2.1.2 avformat_alloc_context/avformat_free_context
AVFormatContext *avformat_alloc_context(void);
void avformat_free_context(AVFormatContext *s);
Copy the code
The avformat_alloc_context() and avformat_free_context() functions are defined in… /libavformat/avfotmat.h creates an AVFormatContext and allocates memory to it. The latter frees the created AVFormatContext structure and the various resources it occupies.
2.1.3 avformat_open_input/avformat_close_input ()

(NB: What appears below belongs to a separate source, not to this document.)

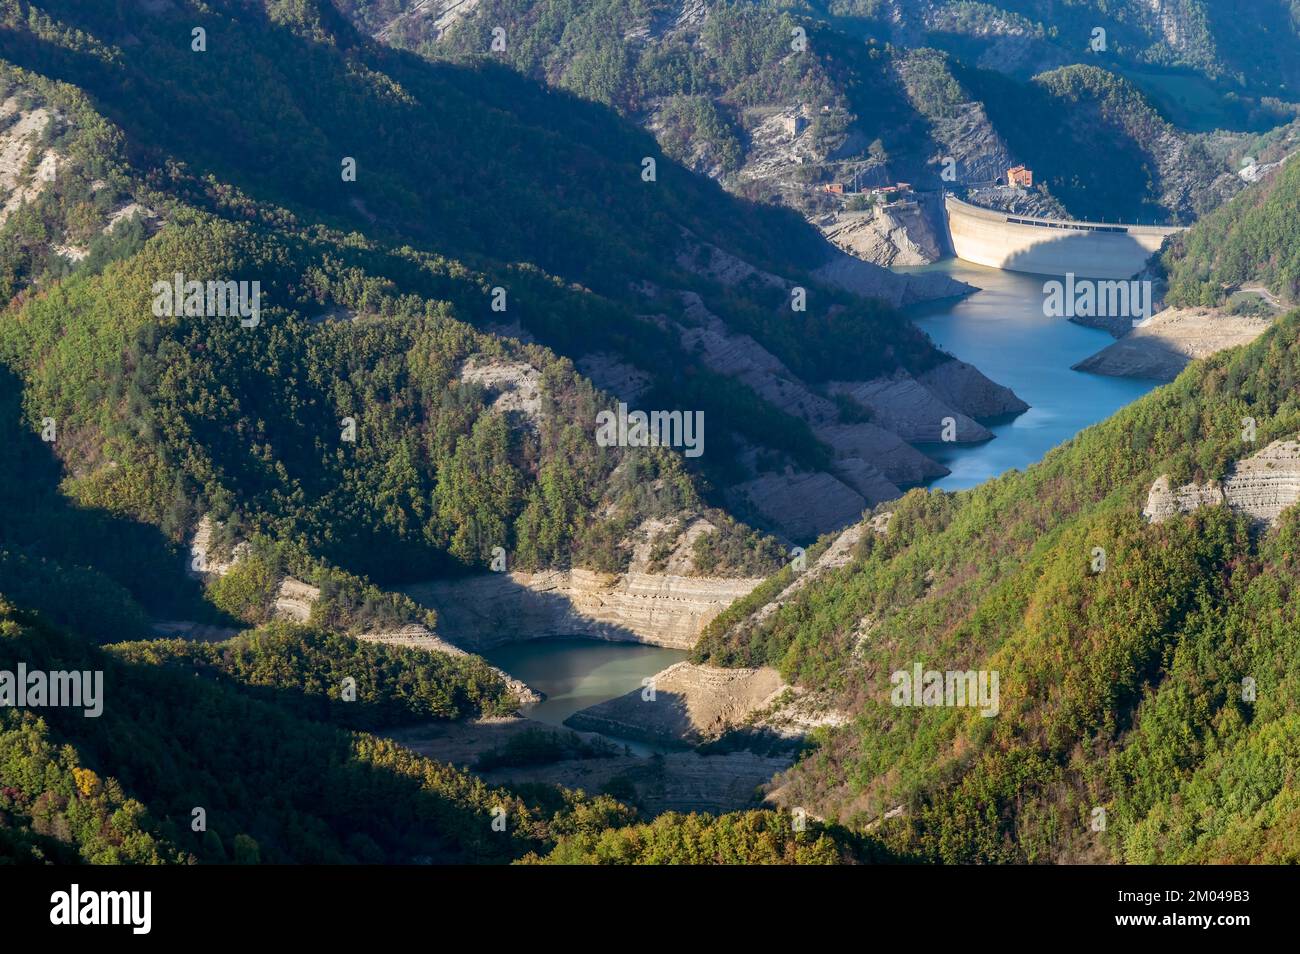 Veduta aerea panoramica del lago e della diga di Ridracoli, bagno di Romagna, Italia Foto Stock
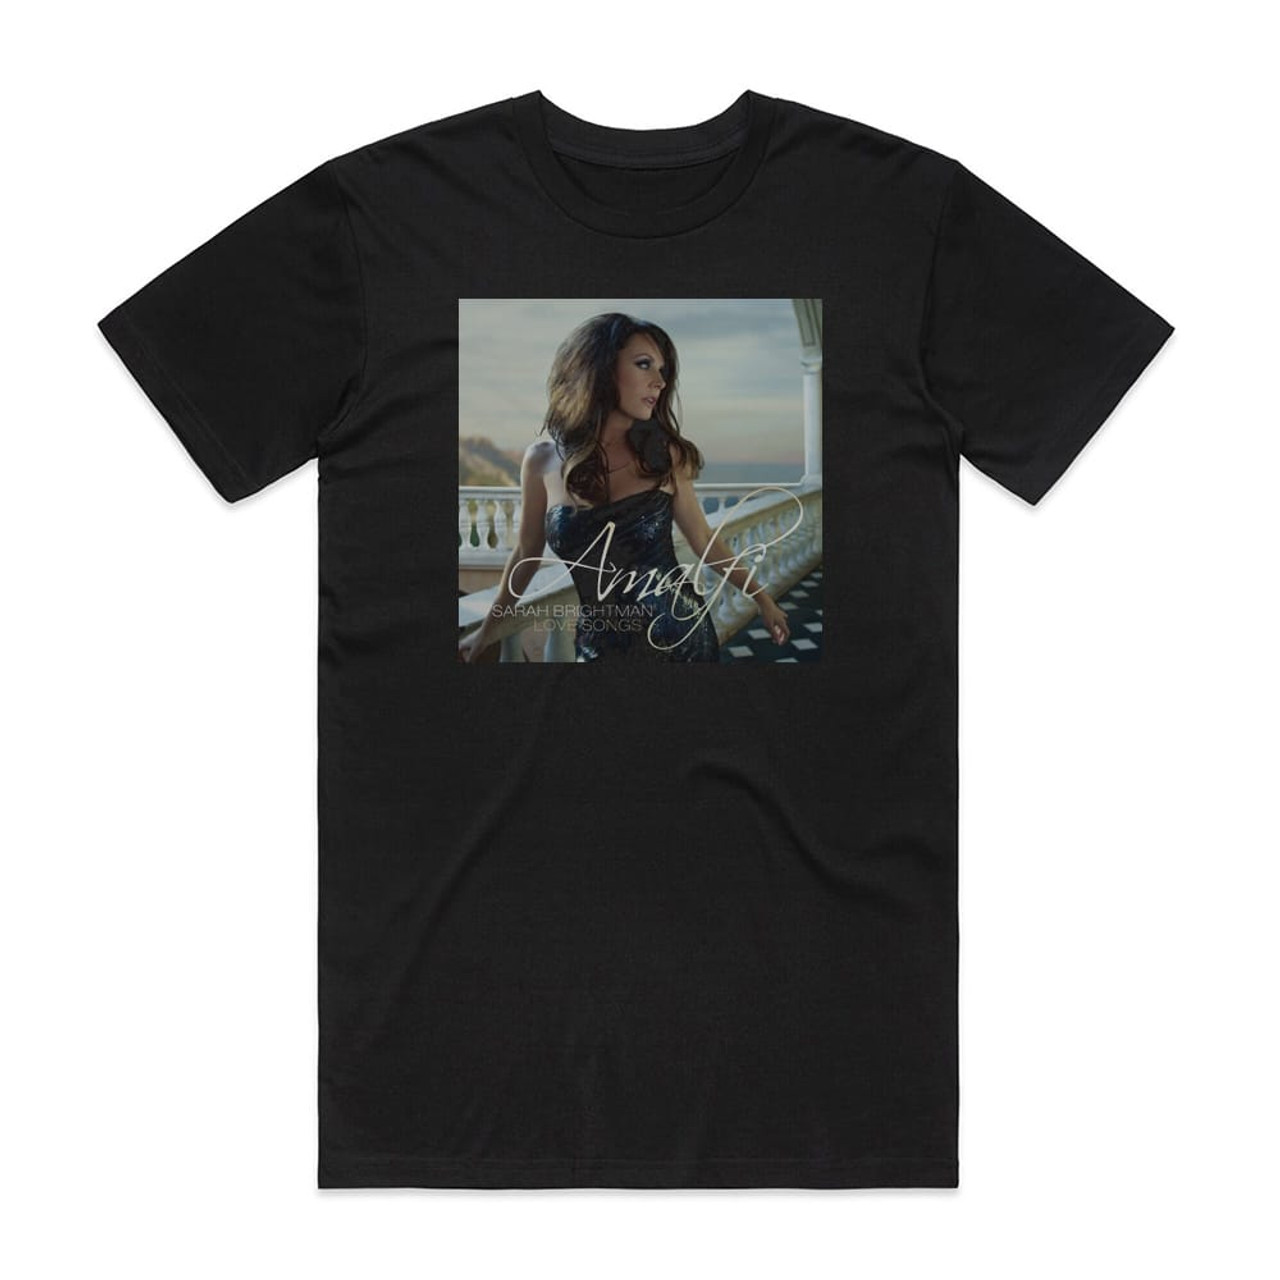 Sarah Brightman Amalfi Sarah Brightman Love Songs Album Cover T-Shirt Black

/** * open an input stream ** @param ps points to a pointer variable to the AVFormatContext structure used to store data related to the input stream; * @param URL Specifies the URL of the input stream. * @param FMT If the value is not NULL, the input format is specified. If NULL, the engine automatically detects format. * @param options ConfigureavFormatContext metadata * @return 0 success, <0 failure */
int avformat_open_input(AVFormatContext **ps, const char *url, AVInputFormat *fmt, AVDictionary **options);
/** * Close the open input AVFormatContext */
void avformat_close_input(AVFormatContext **s);
Copy the code
The avformat_open_input() and avformat_close_input() functions are defined in… The /libavformat/avfotmat.h header is used to open an input stream and read its header. Note that the codec is not started yet. The latter is used to close the input stream and release all resources associated with the stream. The avformat_open_input parameter is used to configure metadata. It is of type AVDictionary, which is defined in… /libavutil/dict.c
struct AVDictionary {
int count; / / the number of
AVDictionaryEntry *elems; / / entries
};
typedef struct AVDictionaryEntry {
char *key; / / key
char *value; / / value
} AVDictionaryEntry;
Copy the code
We can set an entry for AVDictionary using av_dict_set() and retrieve an entry from AVDictionary using av_dict_get(). For example, if you open an input stream using the avformat_open_input() function on a particularly bad network, RUL will “get stuck” there for a long period of time with no errors and no further execution, and Android’s upper layer can’t catch the FFmpeg part of the execution. The user experience is very poor. If avformat_open_input() fails to open the input stream, it will notify the Android layer for exception handling, and the experience will be very different. Example code is as follows:
AVDictionary *openOpts = NULL;
av_dict_set(&openOpts, "stimeout"."15000000".0); // Set the timeout option to 15s
avformat_open_input(&pFmtCtx, url, NULL, &openOpts);
Copy the code
Of course, in addition to “stimeout”, FFmpeg provides us with a variety of configurable options, such as “buffer_size” to set the input buffer size (in bytes); Rtsp_transport “Used to set the RTSP transport protocol type (udp by default);” B “is used to set the transmission bit rate and so on.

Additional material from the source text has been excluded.